Let's first use the standard least-squares model against the new data.

 > $\mathrm{NewProfitEstimatesUsingStandardLS}:=\mathrm{NewData}.\mathrm{StandardLS}:$
 > $\mathrm{Correlation}\left(\mathrm{NewProfit},\mathrm{NewProfitEstimatesUsingStandardLS}\right)$
 ${0.710550589496143}$ (4)

It is clear that the model suffers from overfitting against spurious parameters in the original data set.

 > $\mathrm{NewProfitEstimatesUsingPredictLS}:={\mathrm{NewData}}_{..,\mathrm{SignificantProperties}}.\mathrm{PredictLS}:$
 > $\mathrm{Correlation}\left(\mathrm{NewProfit},\mathrm{NewProfitEstimatesUsingPredictLS}\right)$
 ${0.948260572403935}$ (5)

The predictive model achieved a much better correlation when using new data.

 > $\mathrm{perm2},\mathrm{sortedProfit2}:=\mathrm{sort}\left(\mathrm{NewProfit},\mathrm{output}=\left['\mathrm{permutation}','\mathrm{sorted}'\right]\right):$
 > $\mathrm{pts}:=\left[\mathrm{seq}\left(i,i=1..\mathrm{NumStocks}\right)\right]:$
 > $\mathrm{plots}[\mathrm{display}]\left(\left\{\mathrm{ScatterPlot}\left(\mathrm{pts},\mathrm{sortedProfit2}\right),\mathrm{ScatterPlot}\left(\mathrm{pts},{\mathrm{NewProfitEstimatesUsingPredictLS}}_{\mathrm{perm2}},\mathrm{color}=\mathrm{green},\mathrm{symbolsize}=15\right),\mathrm{ScatterPlot}\left(\mathrm{pts},{\mathrm{NewProfitEstimatesUsingStandardLS}}_{\mathrm{perm2}},\mathrm{color}=\mathrm{red},\mathrm{symbolsize}=15\right)\right\}\right)$ It is clear that the predictive least-squares data (green) more closely matches the actual points in black, whereas the standard least-squares data (red), which generally correlates, is much more scattered.
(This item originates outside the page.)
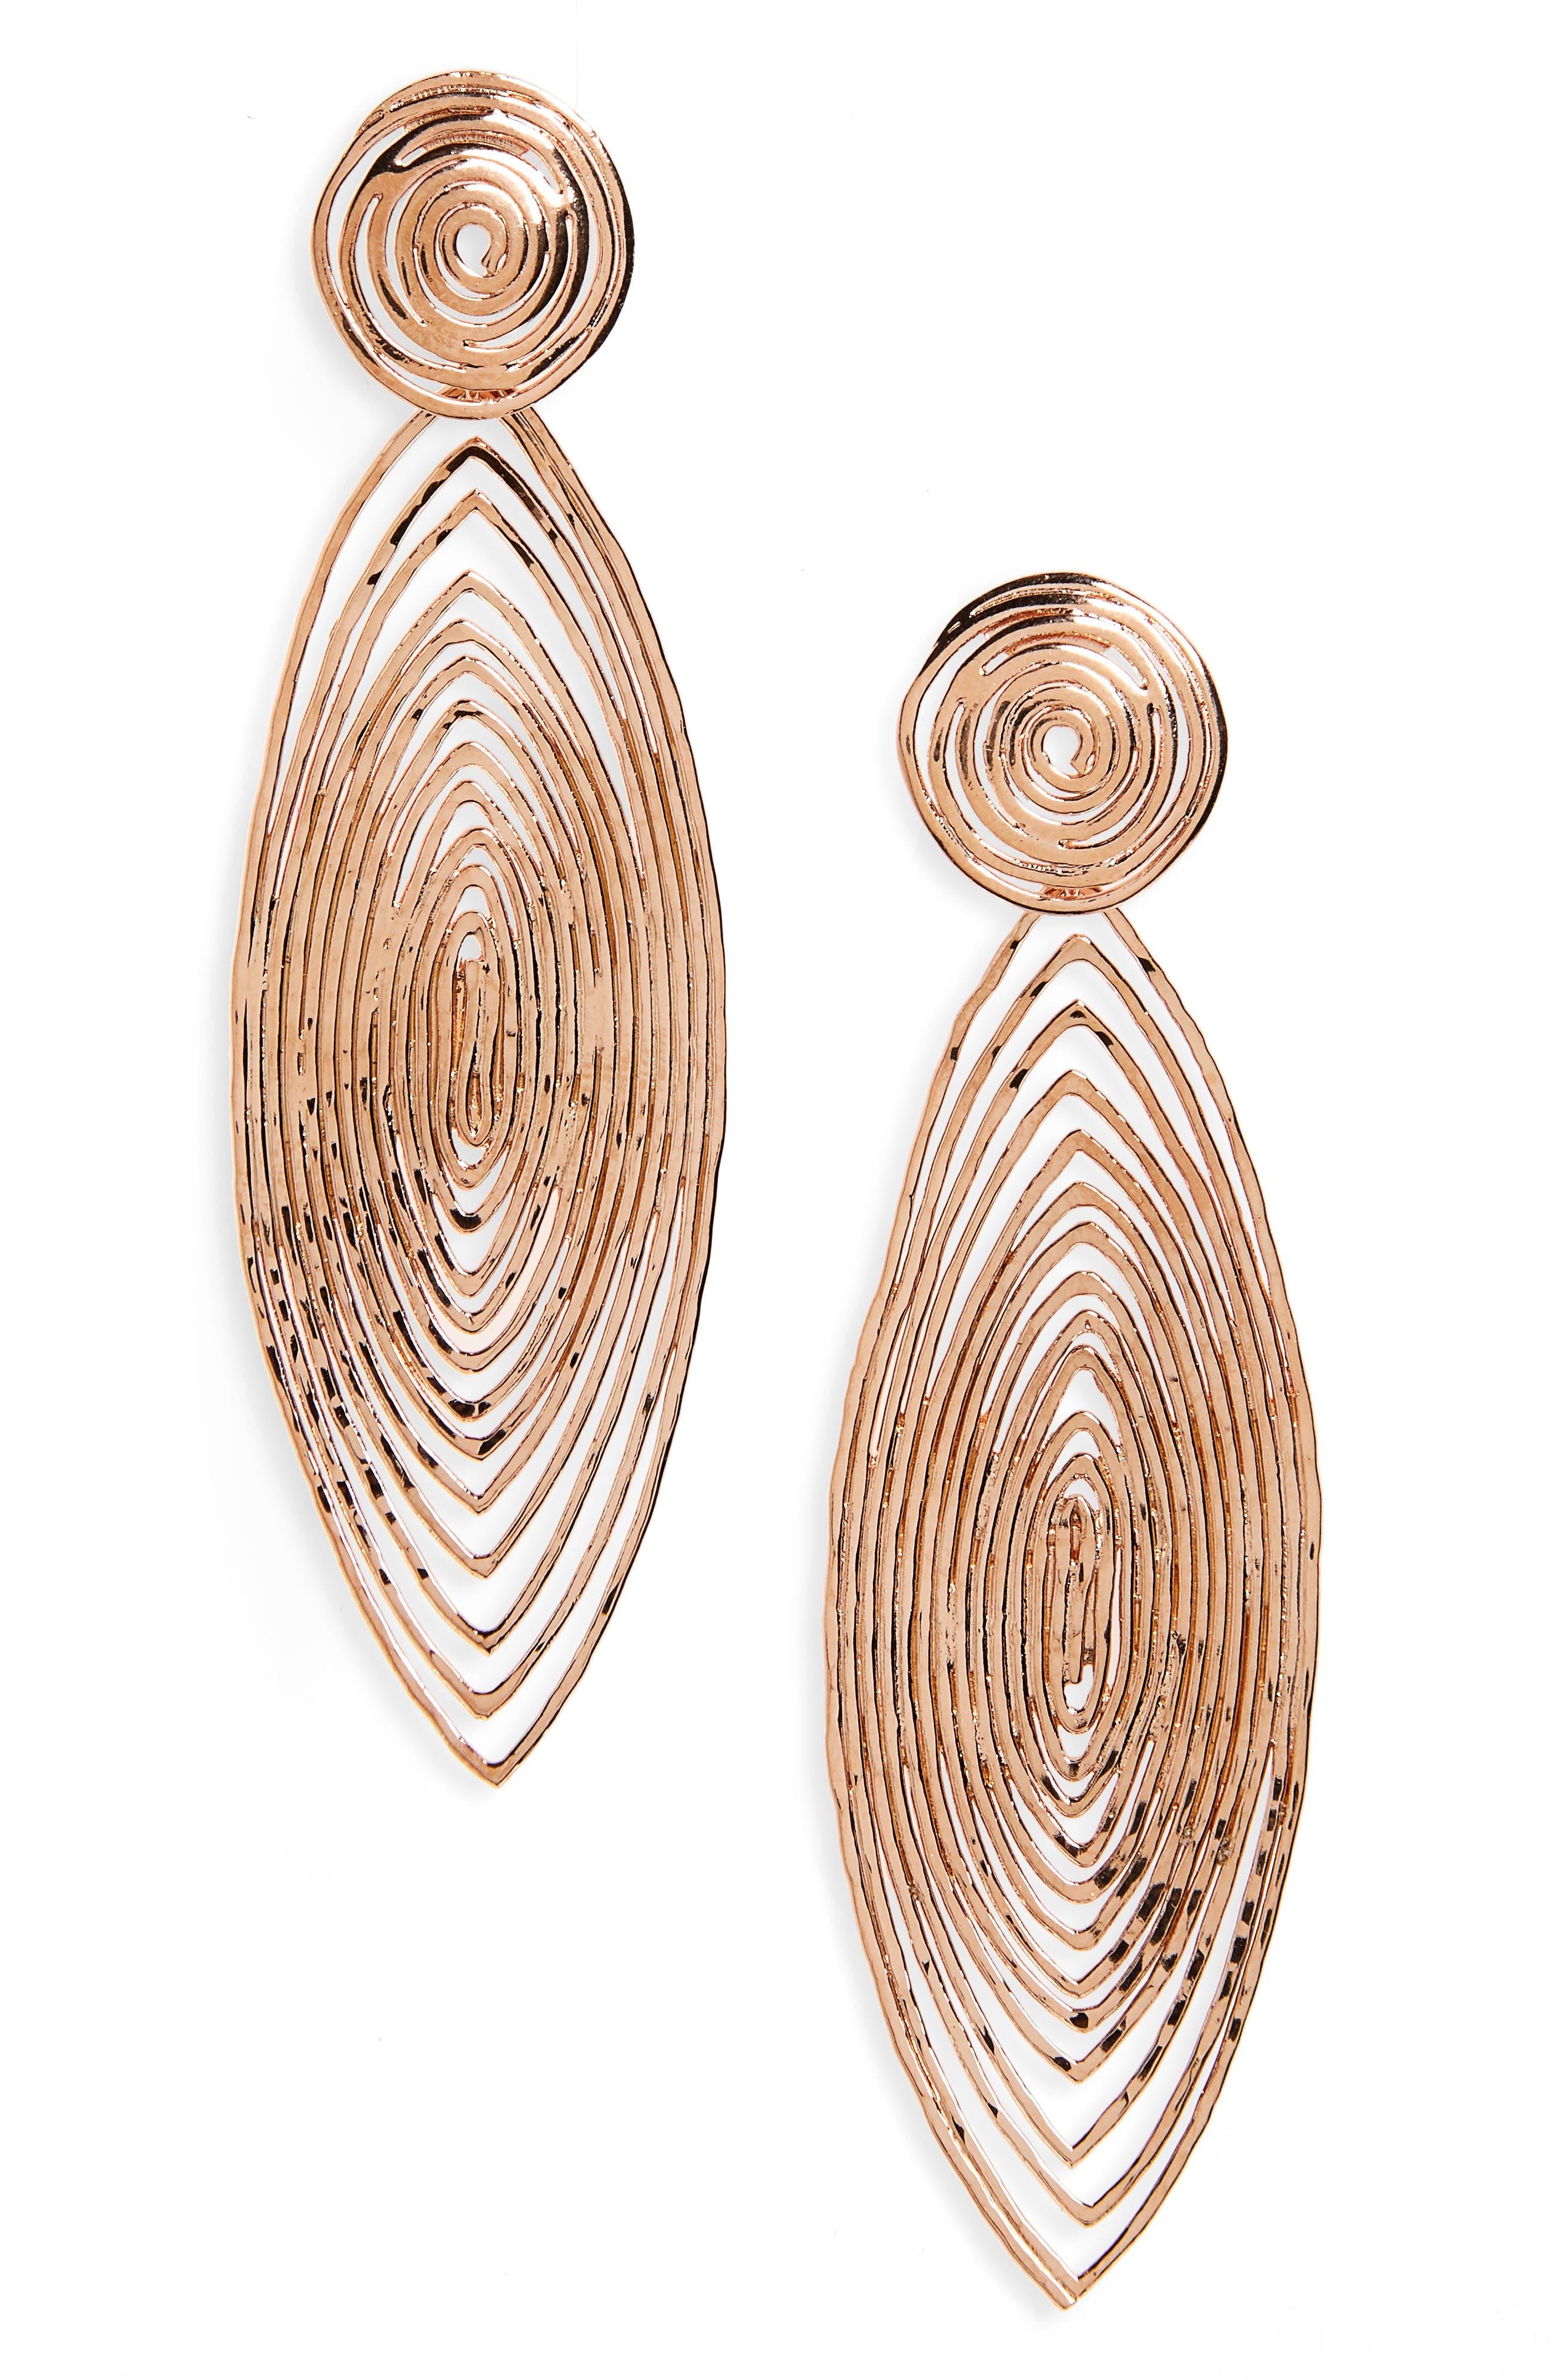 Alternate Image 1 Selected - Gas Bijoux 'Long Wave' Drop Earrings
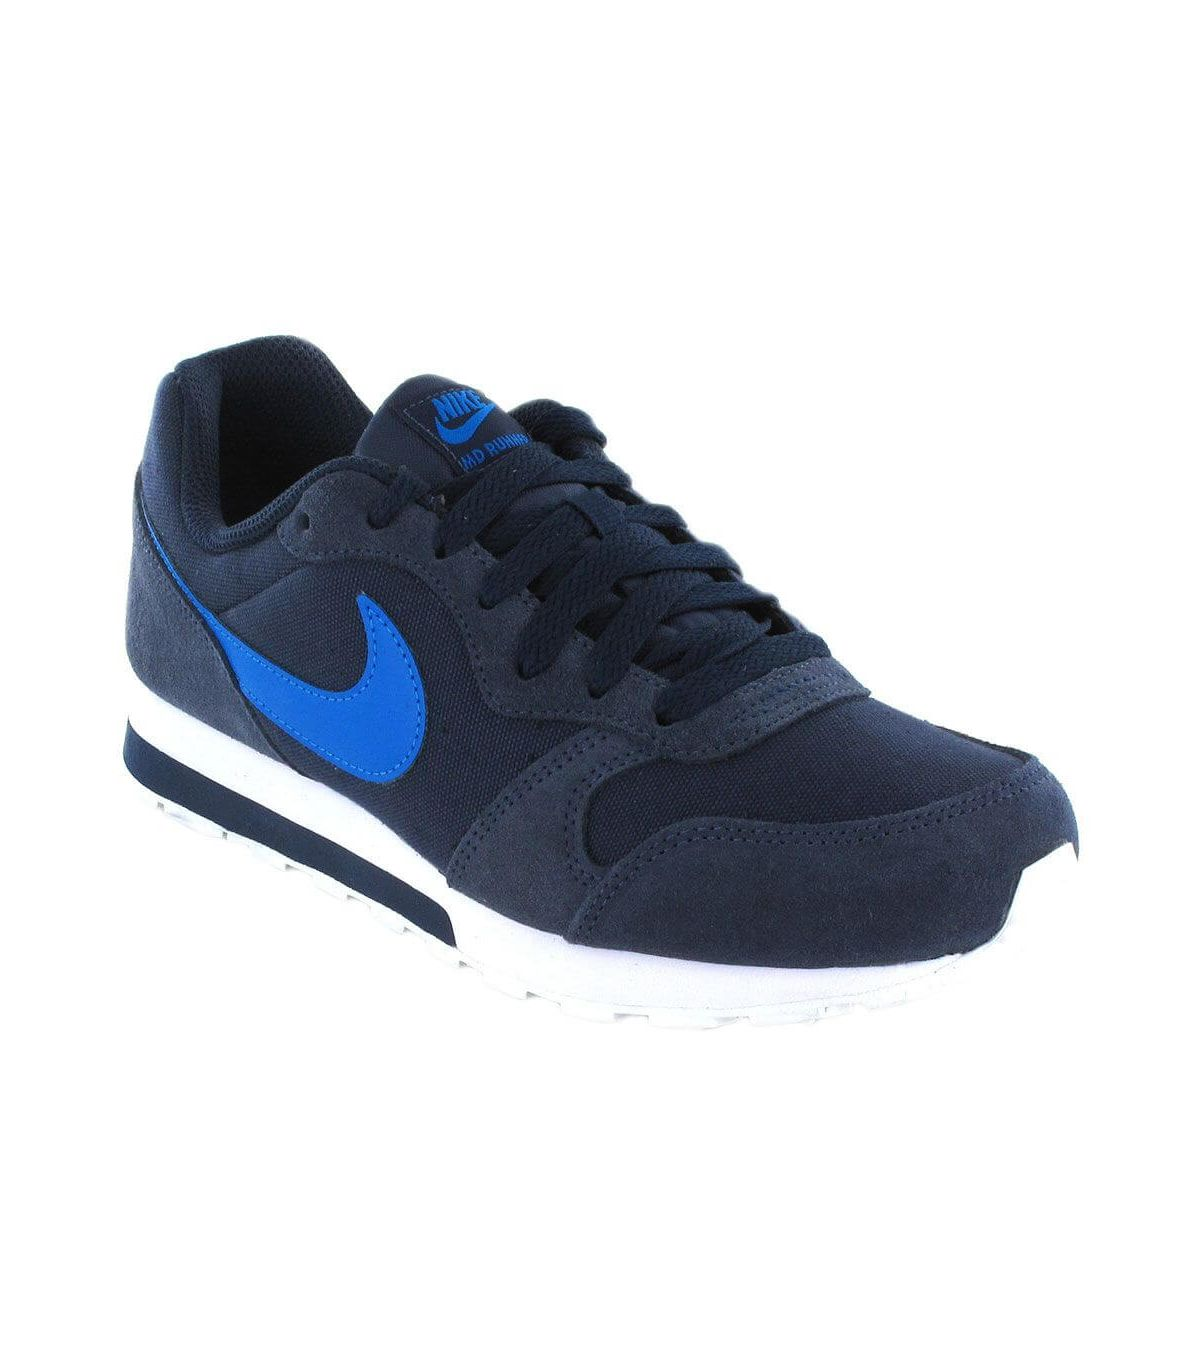 Nike MD Runner 2 GS 410 Nike Calzado Casual Junior Lifestyle Tallas: 38,5; Color: azul marino

Robust Measures of Dispersion

A measure of dispersion is a statistic of a data set that describes the variability or spread of that data set. Two well-known examples are the standard deviation and the interquartile range. Maple 17 introduces a new measure of dispersion called $\mathrm{Sn}$, originally proposed by Rousseeuw and Croux .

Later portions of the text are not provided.